I made my husband see of the motor on the second 66 I have works. I think he's starting to think I'm getting obsessive about sewing machines.


----------



## JanO (Jun 17, 2003)

That is a beautiful machine and cabinate. Congratulations on finally trying it out. Can't wait to see some of the masterpieces you make with it.


----------



## happyjunker (Mar 22, 2009)

There are worse things in the world Cathy. I know I have been obsessing on a little black Singer for the past week or so. Never, ever was interested in them in the past, now I just MUST have one! I blame this board! Everyone was posting those shiny little black machines... I could spend $50 in many less prudent ways. It isn't hard these days. 
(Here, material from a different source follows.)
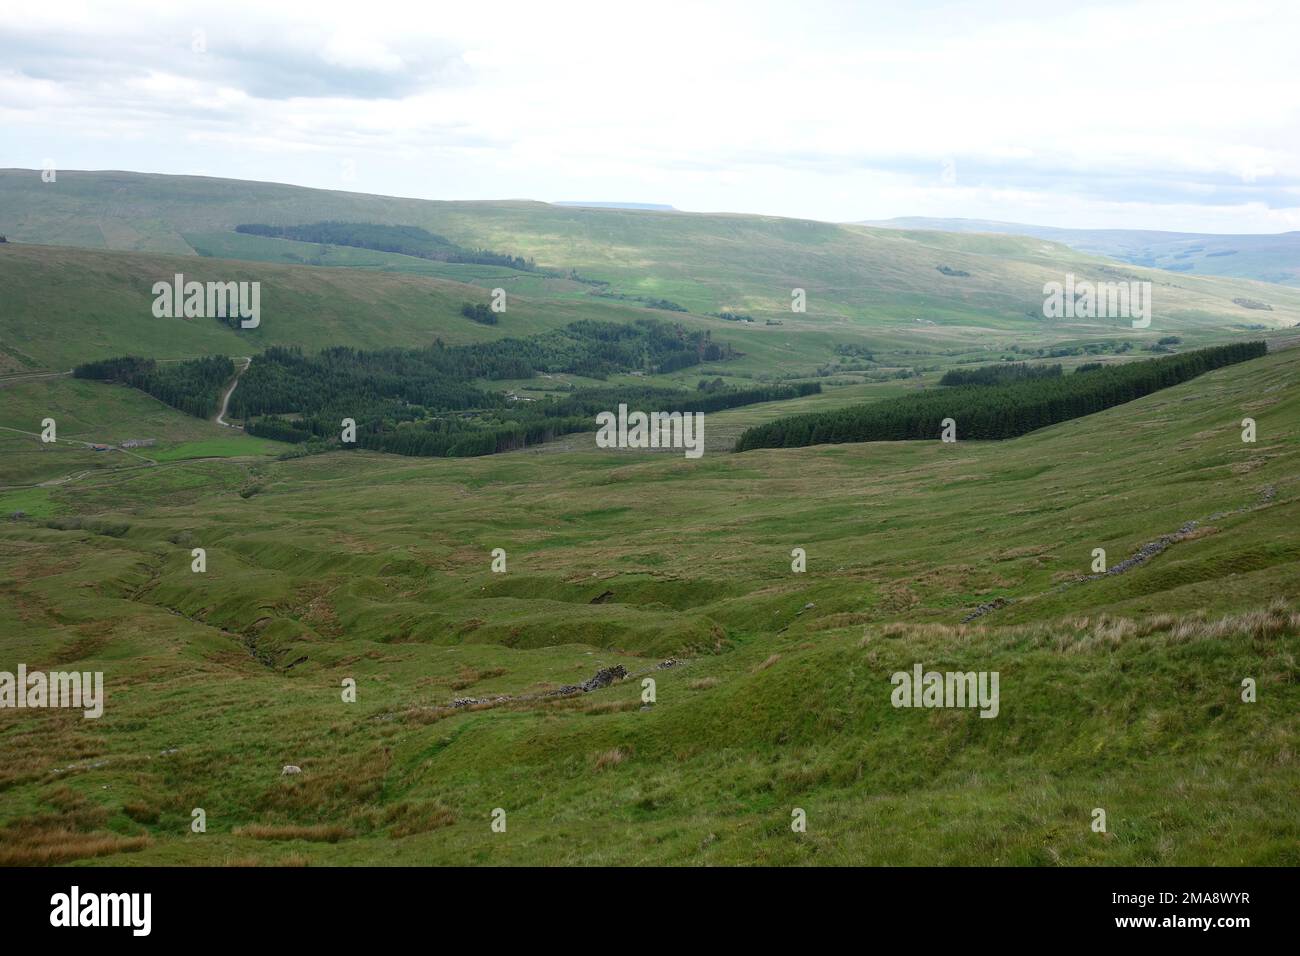 The Hidden Dale of Snaizeholme from the Pennine Way/West Cam Road near Hawes in Wensleydale, Yorkshire Dales National Park, England, UK. Stock Photo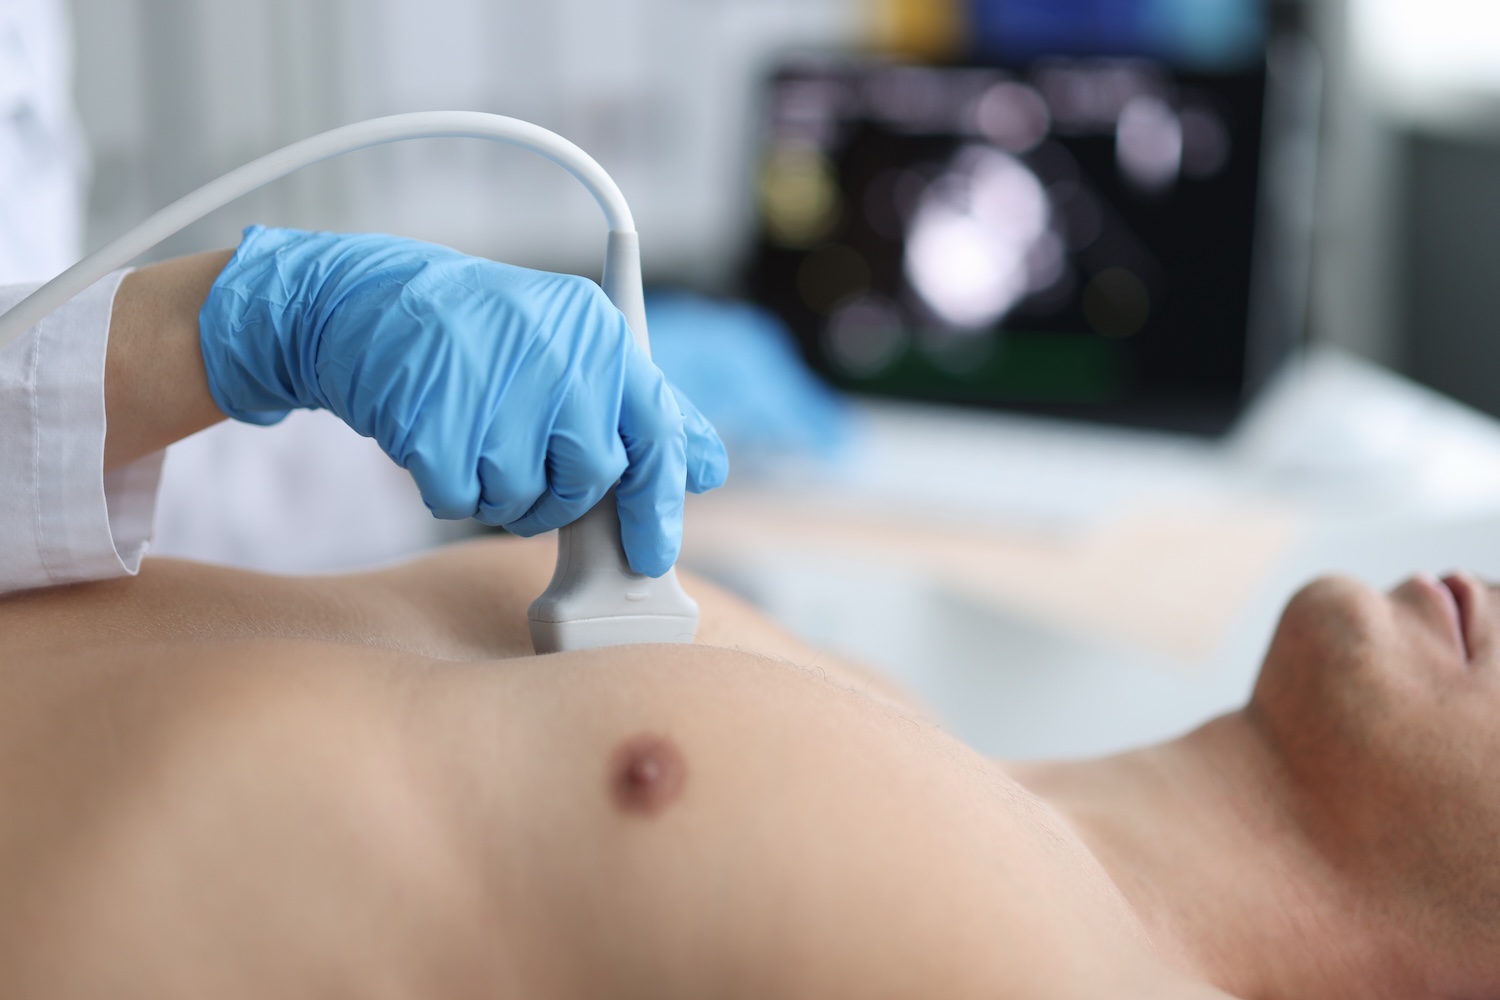 Advanced Chest ultra sounds for men and women in western Canada

I'm all into giving my sewing room a good cleaning and organization too. I had Dave bring in a very old heavy solid wood storm door that I bought years ago. I'm going to turn it into something fantastic for storage. It is filthy and has mud daubers nests on it right now. Fresh from the little ramshackle garage. I'm going to bring in a second tall chrome shelf from the shed too so I can go more vertical with storage.


----------



## Chixarecute (Nov 19, 2004)

Beautiful job on the cabinet! I've never seen one like that. And Congrats for making time to learn something new and fun!!!


----------



## Ruby (May 10, 2002)

What a beautiful machine and cabinet. Congrats on learning to use it. I need to buy another belt for the motor on mine and clean it up good. It sit for years without being used. I used it back in the summer while my Janome was in the shop. The belt broke on the motor so I just put the leather belt on it and started using it as a treadle.


----------



## ErinP (Aug 23, 2007)

I agree with everyone else. What a lovely machine and cabinet. You can tell you've_ loved_ it even if you haven't used it.


----------



## grannygardner (May 4, 2005)

That's a beautiful piece of furniture and the fact that it holds a treadle machine makes it more so. I love treadle machines and hope to find one for my own.


----------



## happyjunker (Mar 22, 2009)

It will take a bit of time and practice to get used to the whole starting/stopping thing. Mostly the starting. I've bunched the thread up on the back side several times, but the good thing is, it hasn't stopped the machine from moving. The lift bar comes un threaded very easy when I get going the wrong way. I need to remember to check that out. That is what is causing the bunching underneath I think. It is a pretty toy.


----------



## Ruby (May 10, 2002)

happyjunker said:


> It will take a bit of time and practice to get used to the whole starting/stopping thing. Mostly the starting. I've bunched the thread up on the back side several times, but the good thing is, it hasn't stopped the machine from moving. The lift bar comes un threaded very easy when I get going the wrong way. I need to remember to check that out. That is what is causing the bunching underneath I think. It is a pretty toy.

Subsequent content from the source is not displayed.